Multifamily developers can capitalize on a huge unmet need in the market by buying and renovating older class-B and class-C apartment buildings.

“What is missing in this cycle is the construction of apartments that can cater to people earning the median income,” says David Schwartz, CEO and co-chairman of Waterton, a multifamily developer and manager based in Chicago. “We have an affordability crisis.”

Developers like Waterton specialize in “value-added” projects that improve older buildings, raising the rents and attracting residents who want more than a typical, aging class-B or class-C property, but who can’t pay the kinds of rents currently being charged for new class-A apartments. These value-added projects benefit from the strong demand for apartments overall, without having to compete with the hundreds of thousands of more expensive, luxury units now under construction.

Filling the gap

For example, this fall, Waterton will finish its renovation of Vida Hollywood, a 25-year-old apartment community in Hollywood, Calif., adding new amenities and appliances to the 345 units. Even after Waterton adds the usual granite countertops and improves the clubhouse, rents at the new Vida Hollywood will be $800 per unit less than the rents typically charged at new class-A apartment properties in Los Angeles, according to Schwartz.

Value-add projects work best in markets where there is a wide difference between the average rental cost of a new class-A apartment compared to a class-B or class-C unit. “We want there to be hundreds of dollars of difference between the new class-A and the existing class-B apartments,” says Schwartz.

A redeveloper might plan to spend $5,000 to $15,000 per unit on such properties, adding new amenities and appliances. But even after all that work, the renovated apartment still won’t be as desirable as a new class-A unit.

“Make sure a value-added class-B property is going to be below the rent of a new class-A property,” says John Sebree, director in the national multi housing group of brokerage firm Marcus & Millichap.

Redevelopers should also take care not to disrupt a good thing when they “improve” a fully-occupied class-B or class-C apartment building. These projects often do well in areas where employers are creating new jobs, with salaries high enough to pay higher “value-added” rents. Class-B and class-C communities are already doing very well in most parts of the country. The percentage of these apartments that are vacant is extremely low, below 3.0 percent in many metropolitan areas. “This is because developers do not often build class-B buildings,” says Barbara Byrne Denham, economist with New York City-based research firm Reis Inc.

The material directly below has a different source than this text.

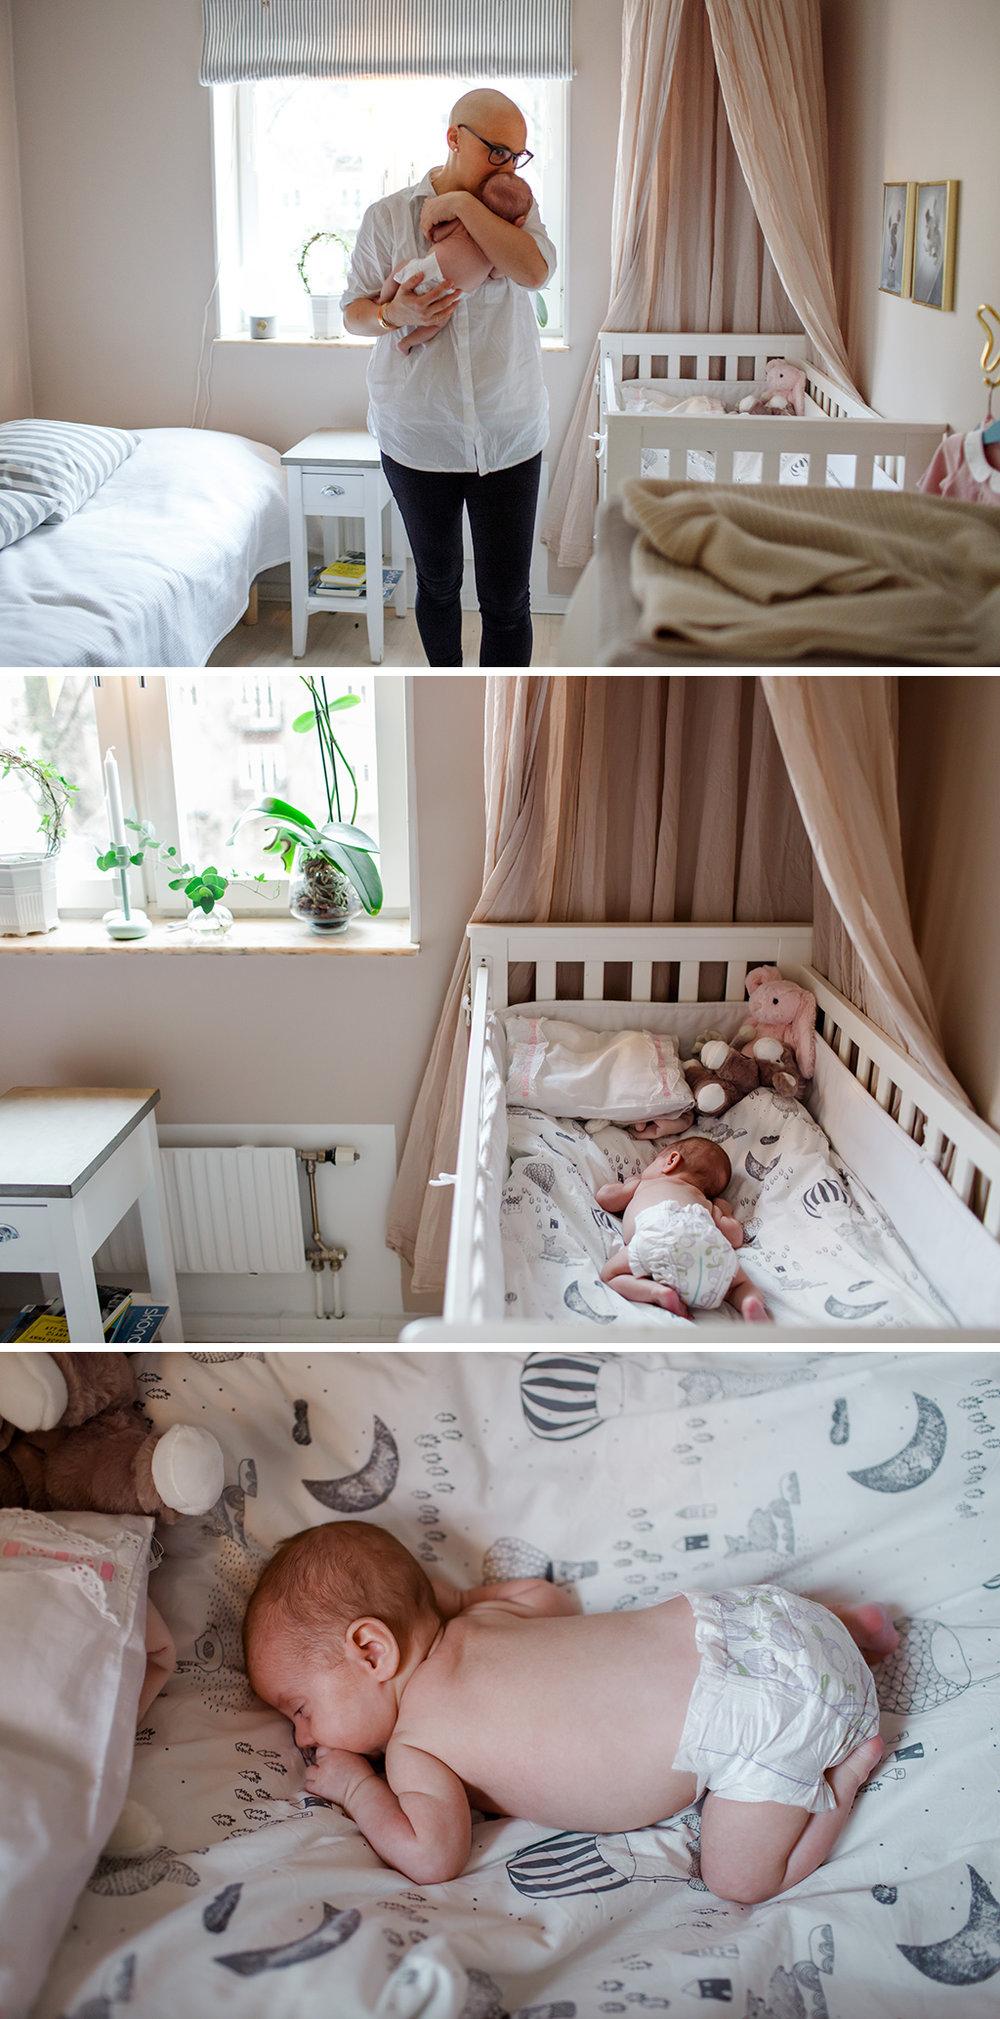 Lifestyle-nyfoddfotografering_newbornphotography_familjefotograf_Stockholm_19.jpg

She recommends that redevelopers focus on cities and towns where class-A rents are rising more quickly than the rents at lower grade properties.

“The markets with the widest gap in rent growth rates include Cleveland, San Francisco, Charleston, Boston and Chicago, with annual rent growth rate gaps of 4 percentage points or higher,” says Denham.

The rising cost of class-B assets

Investors still pay significantly less for class-B and class-C apartment properties relative to income compared to class-A property prices. The cap rates investors accept when they buy class- B and C properties are now about 220 basis points higher than cap rates they accept for class-A assets.

“More and more investors are chasing these opportunities,” says Sebree. “There’s been a dramatic increase in sophisticated private capital looking for value-added investments.”

In comparison, in 2011, early in the recovery cycle, investors strongly favored class-A properties, and the cap rate spread was wider, at 370 basis points. In 2005, during the last boom, investors, including condominium developers, hunted for opportunities and paid high prices for class-B and class-C properties, and the cap rate spread was just 120 basis points.

“I don’t think we’ll ever get back to a 120-basis point spread,” says Sebree. “But there’s still some room to move closer.”